Long-term care expenses are something that you should take seriously when you are planning ahead for the future. If you are like many people, you may assume that Medicare will pay for assisted-living if you need it at some point in time.
In fact, Medicare will only pay for convalescent care for up to 100 days. It will not pay for custodial care, which is the type of care that you would receive in a nursing home or assisted living community.
Medicaid is a government program that will pay for long-term care. In fact, most of the senior citizens that are residing in nursing homes are enrolled in the Medicaid program. Many of these people were qualified for Medicare coverage.
If you have financial resources to speak of you cannot qualify for Medicaid. To put it bluntly, you would have to go broke paying for long-term care out-of-pocket before you could qualify for Medicaid to pay for the rest of the care that you need.
There is another option that many people prefer. You could divest yourself of assets in a measured fashion well in advance of applying for Medicaid. When this is done effectively, you can demonstrate financial need if and when you need Medicaid coverage to pay for long-term care. This is because you have given your assets to your loved ones.
Five Year Look Back & Trusts
There is a five year look back that you must contend with when you want to engage in Medicaid planning. If you give away assets within five years of applying for the program, a penalty is imposed. This penalty delays your eligibility.
The duration of the penalty depends on the extent of the divestitures as they compare to the average cost of long-term care in the state of your residence.
If you want to divest yourself of assets in advance of applying for Medicaid, you could place them into a trust. While there is no particular type of trust that is formally called a “Medicaid trust,” this term is sometimes used to describe a trust that is created for Medicaid planning purposes.
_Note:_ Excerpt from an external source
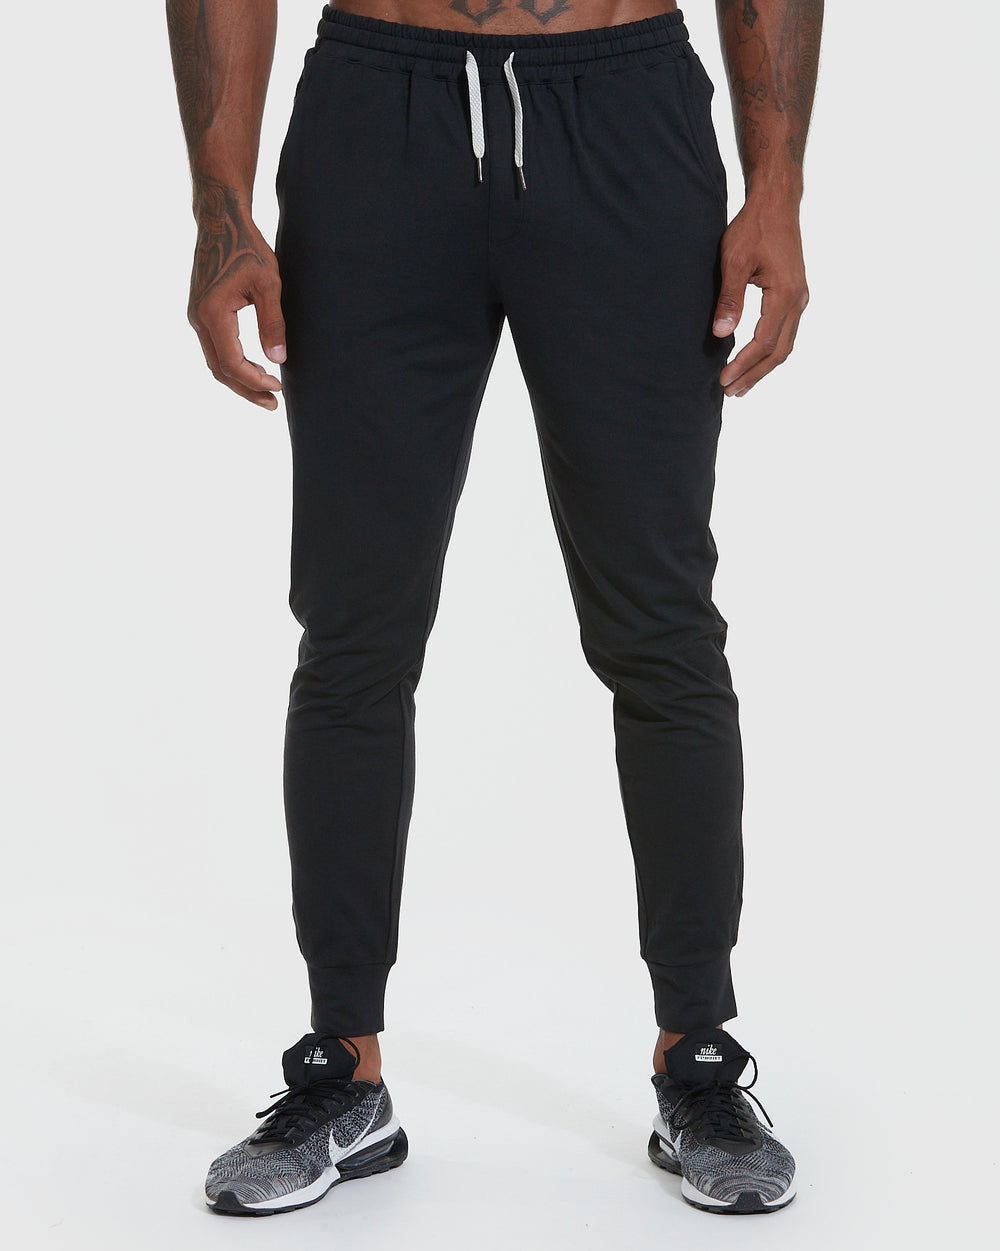 Gym Stretchable Tight Hips Running Sports Pants Price in Nepal

There are revocable trusts, and irrevocable trusts. If you create a revocable trust you retain incidents of ownership because you can revoke the trust if you want to do so. For this reason, assets that have been conveyed into a revocable trust would be counted by the Medicaid program.
If you use an irrevocable trust for Medicaid planning purposes you would be surrendering incidents of ownership, so the program would not count these assets when they were determining your eligibility.
However, there are disadvantages. The primary disadvantage would be the fact that you are indeed giving up ownership of the assets when you convey them into the trust.
You may never need long-term care, and you may regret surrendering access to the resources.